Boiler tube failures account for the majority of unplanned outages in industrial and power-generation boilers worldwide. A single tube rupture typically requires an emergency shutdown, depressurisation, and scaffold access — a sequence that can cost days of lost generation and six-figure maintenance expenditure. Understanding the root cause of a failure is essential: the wrong diagnosis leads to a repair that fails again within months. This guide covers the eight failure mechanisms most frequently encountered in utility and industrial boilers, how to identify each from the fracture appearance and microstructure, and what prevention measures work for each.

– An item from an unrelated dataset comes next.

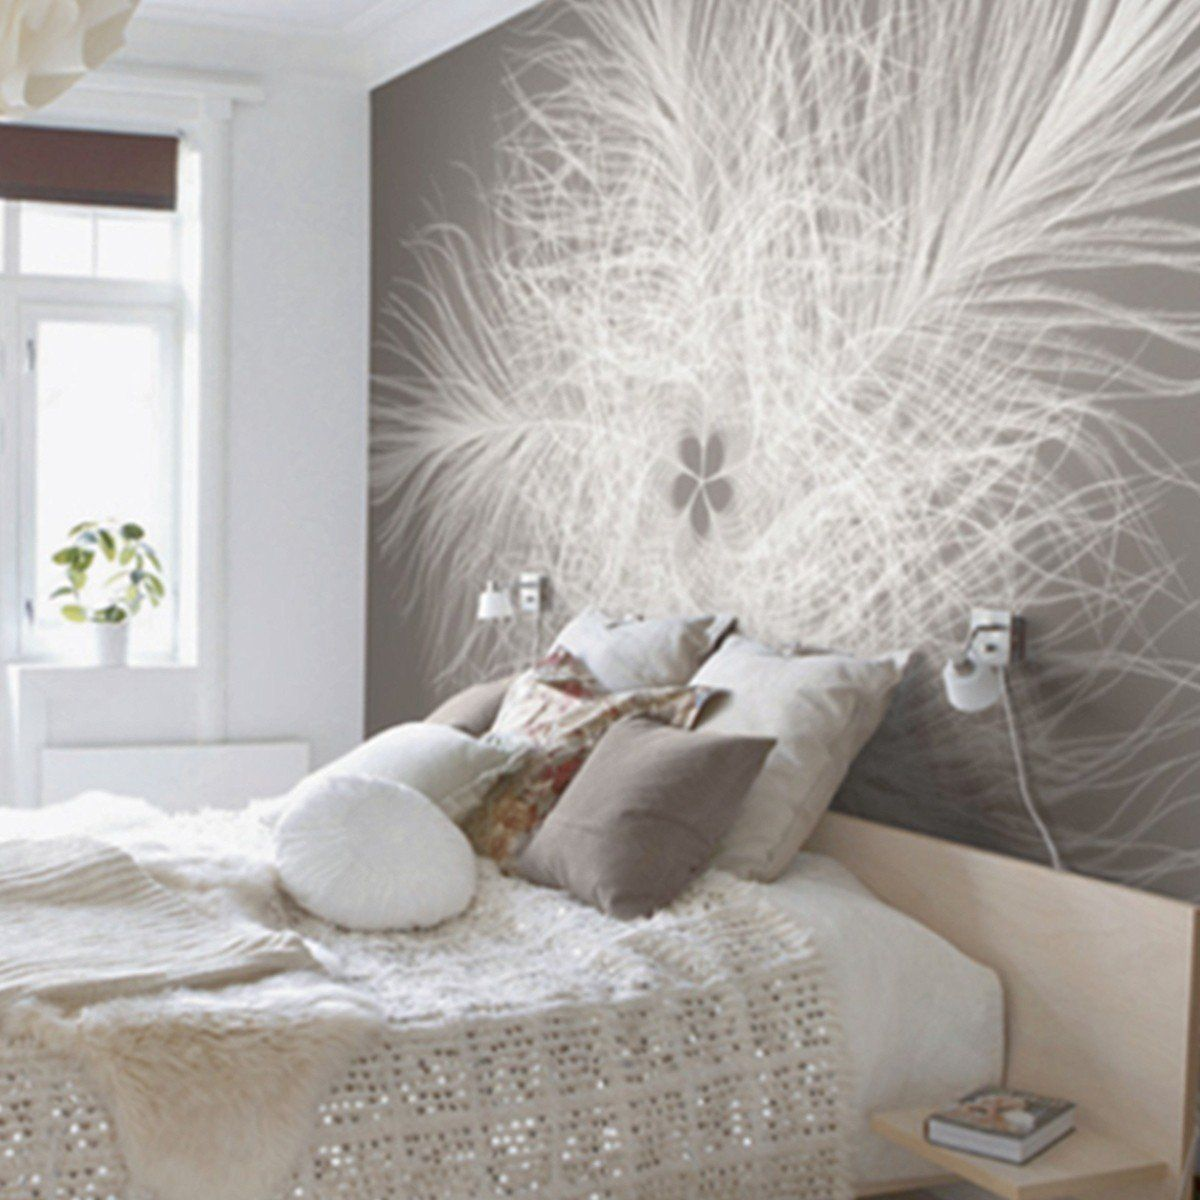 Federstern haus tapeten schlafzimmer und schlafzimmer tapete - Schlafzimmer hellbraun ...

ZC Steel Pipe supplies seamless boiler tubes to ASTM A192, A210, A213, and equivalent EN standards for replacement and new-build boiler projects in power generation, petrochemical, and process industries across Africa, the Middle East, and Southeast Asia. Documentation: EN 10204 3.1/3.2 with full chemical, mechanical, and hydrostatic records.

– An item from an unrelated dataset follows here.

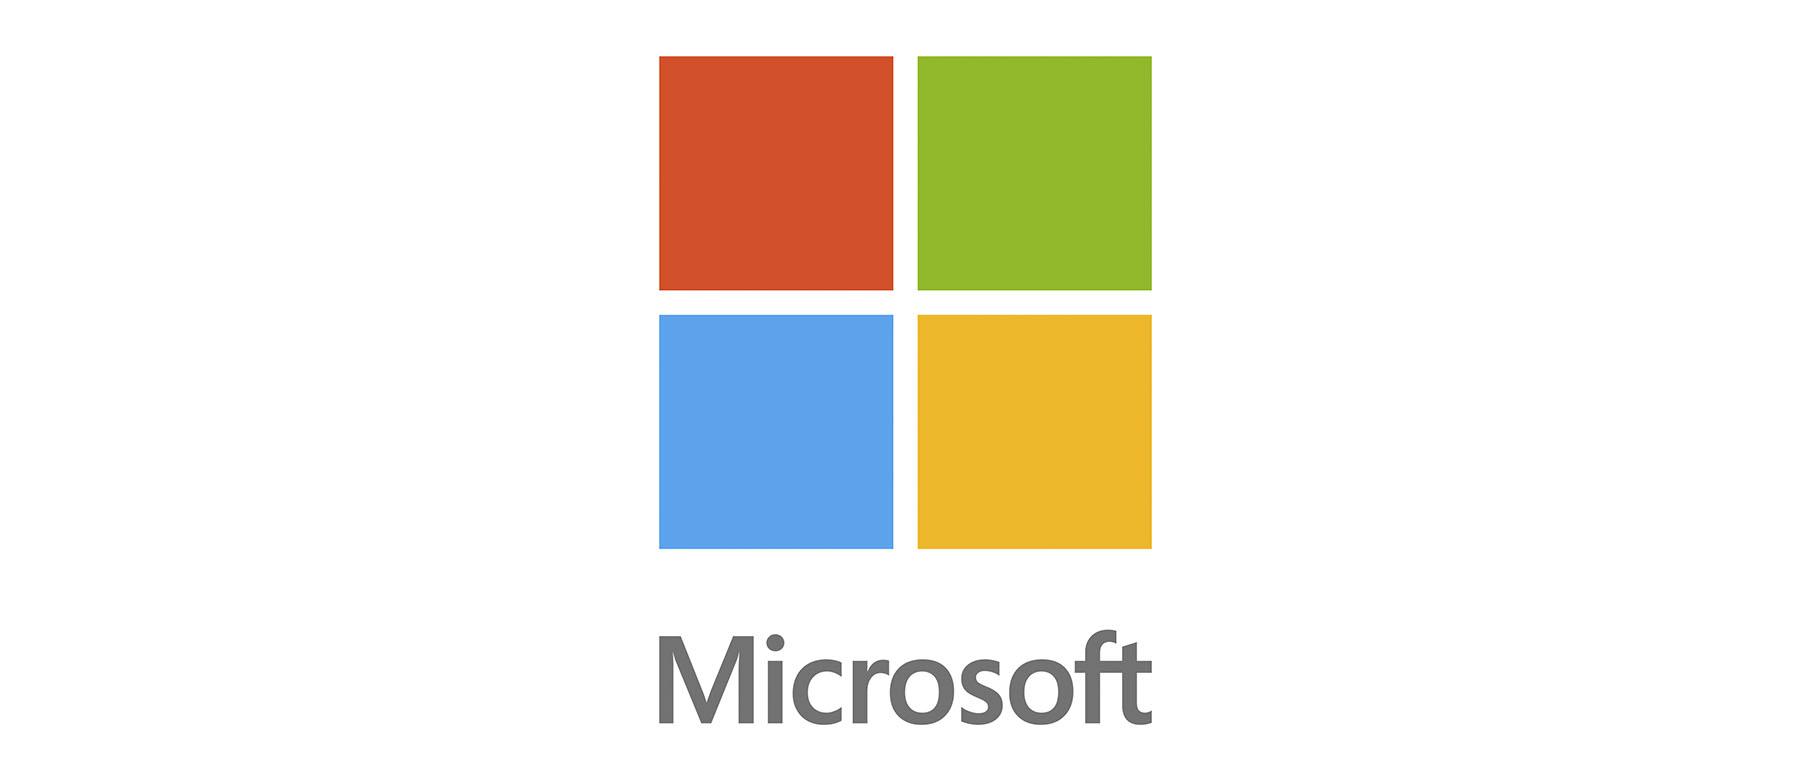 Картинки майкрософт на официальном сайте

Why Failure Analysis Matters Before Replacement

Replacing a failed tube with the same material, in the same location, without addressing the root cause typically results in re-failure within one to three operating cycles. Root cause analysis requires three inputs: the fracture appearance (macroscopic), the microstructure (metallographic cross-section), and the operating history (temperature, pressure, water chemistry, load profile). This guide provides the macroscopic signatures for each mechanism — the first filter before sending samples to a metallurgical laboratory.

Failure Mode 1 — Short-Term Overheating (Stress Rupture)

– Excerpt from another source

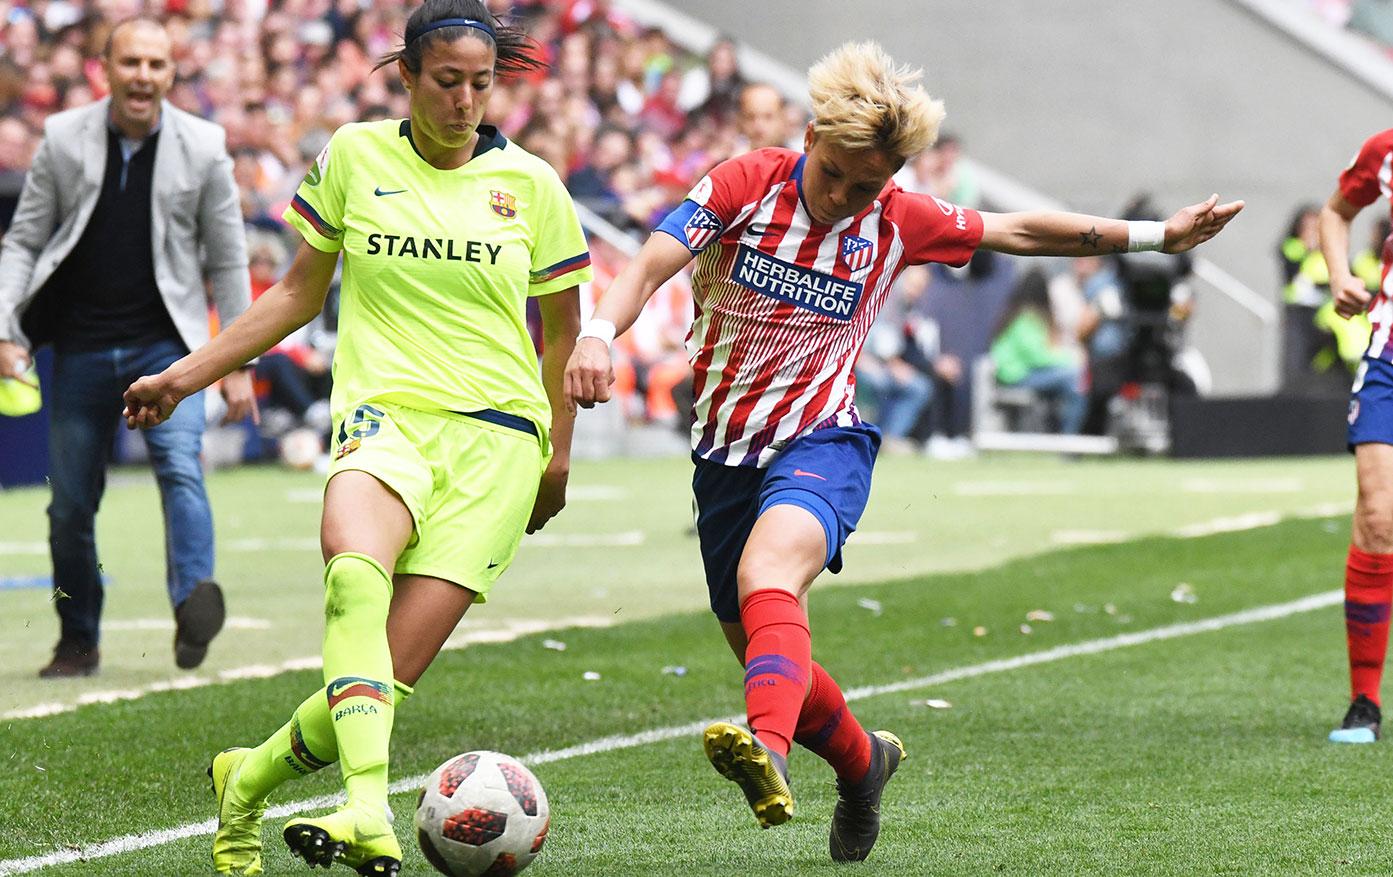 La fuerza imparable del fútbol femenino

Free tool: Need to convert between imperial and metric tube dimensions or temperature units? Steel Pipe Unit Converter →
Spec reference: Chemistry, mechanical properties, and heat treatment data for SA-192, SA-209, SA-210, and SA-213 boiler tube grades. ASME Boiler Tube Spec Tables →

What it is: Rapid tube wall temperature excursion above the material's short-term rupture limit — typically 100–200°C above the design temperature — causing ductile rupture within hours.

Appearance: Thick-lipped fish-mouth rupture at the hot-face (fireside) surface. The tube wall on the opposite side is undamaged. Significant bulging or blistering of the tube OD adjacent to the rupture. Metal appears dark and oxidised locally.

Root causes: Flow blockage (scale plug, weld debris, foreign object), partial blockage from internal oxide buildup reducing effective flow area, sudden loss of feedwater flow or a dry-out event, severe flame impingement.

Prevention: Regular boroscopic inspection of high-heat flux zones, chemical cleaning schedules to prevent oxide buildup, flow-monitoring instrumentation on critical circuits, flame scanner calibration to prevent impingement.

Failure Mode 2 — Long-Term Overheating (Creep)

What it is: Progressive creep damage from sustained tube wall temperature 20–50°C above the material's design operating temperature, accumulating over months to years.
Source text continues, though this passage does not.